Yom Kippur and Yizkor- A Time To Remember- A Time To Support

Good Yuntif and Gmar Chatimah Tovah- In just a few hours from now, we as a community will approach probably the most sensitive hour that Yom Kippur encompasses and that is the service known as Yizkor, our memorial service and personal prayers in memory of those who are no longer with us on this Yom Kippur. The Yizkor service for our family, friends, Jews and all of humanity around the world who have passed on to God’s heavenly Kingdom above, provides a moment for us to reflect, renew, remember and recall those who have left our company but at the same time it is we who ask God to inscribe us in the book of life so that we can continue performing God’s will on our behalf and in their memory. Yom Kippur is our day of atonement where we experience and feel what it means to be God’s angelic beings. And ultimately, tonight at 7:30, when the Shofar is sounded at the conclusion of Neilah, we suddenly are reminded that we are to return to the world that God has created for us.
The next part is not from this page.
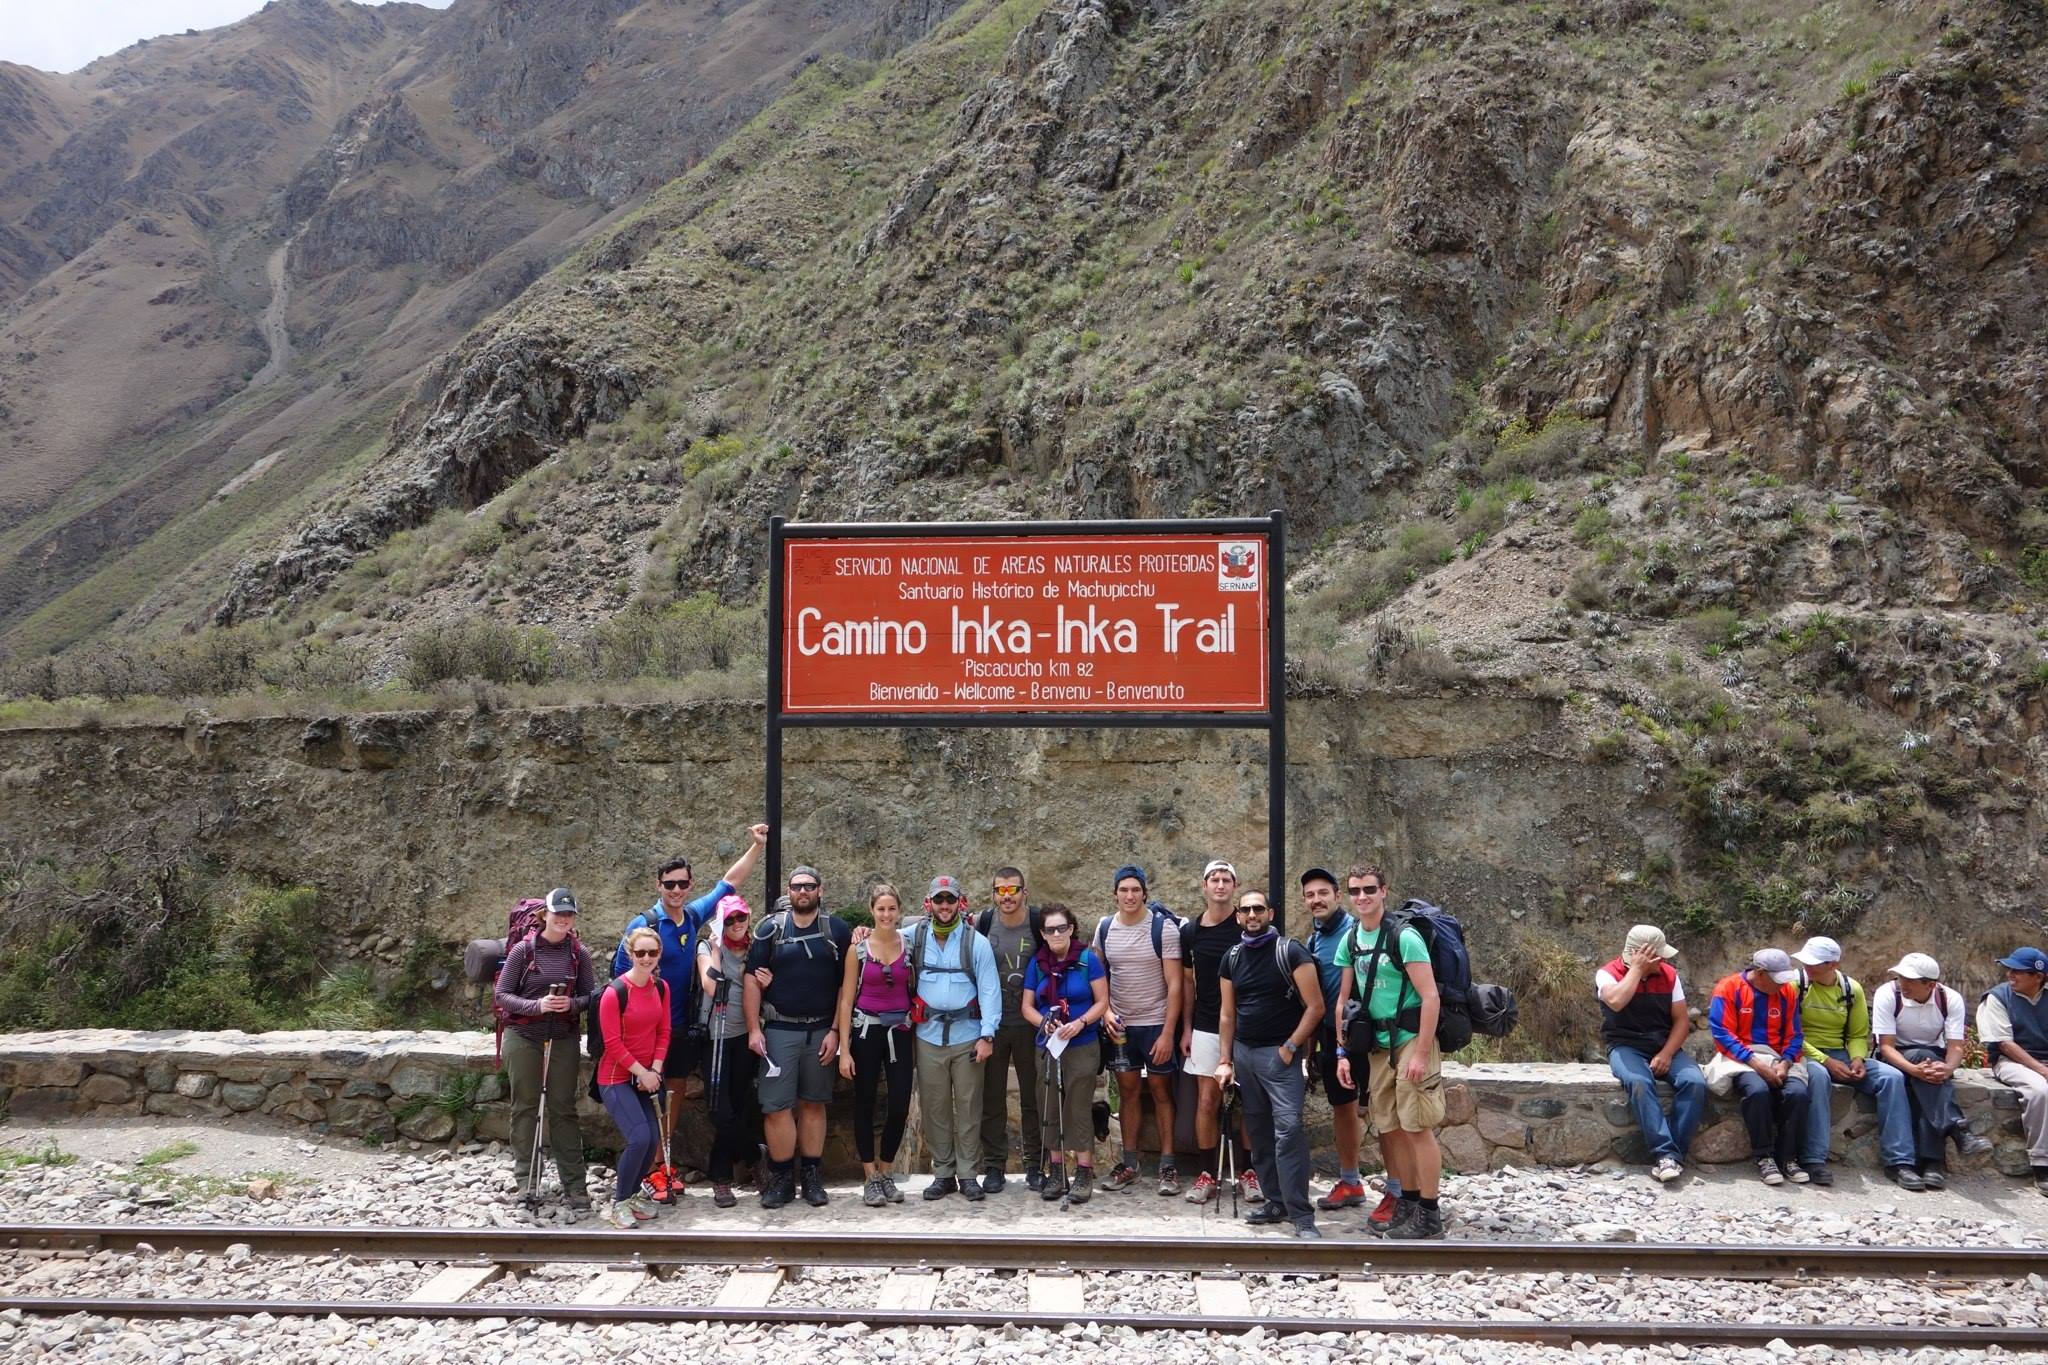 İnkaların Diyarı Peru: İnka Yolu Yürüyüşü ve Machu Picchu

We return with a stronger spiritual soul and a new mission of being better people in making God’s world a healthier and more stable one.

But if it were not for those who taught us, those who came before us, those who we remember who are no longer here, we would not be where we are today on this day of atonement and on this day of spiritual reflection. I would like to share with you a beautiful story whose author is anonymous. The story reminds us of the fragility of life and at the same time reminds us how precious each and every day is to us when we wake up and when we go to sleep. The story shares with us the importance that each and every person has in the world and when someone is no longer present, the scene and the feelings transform our world tremendously. The story is entitled “Information please”.

When I was quite young, my father had one of the first telephones in our neighborhood. I remember well the polished, old case, fastened to the wall. The shiny receiver hung on the side of the box. I was too little to reach the telephone, but used to listen with fascination when my mother used to talk to it.

Then I discovered that somewhere inside the wonderful device lived an amazing person. Her name was “information please” and there was nothing she did not know. “Information please” could supply anybody’s number and the correct time.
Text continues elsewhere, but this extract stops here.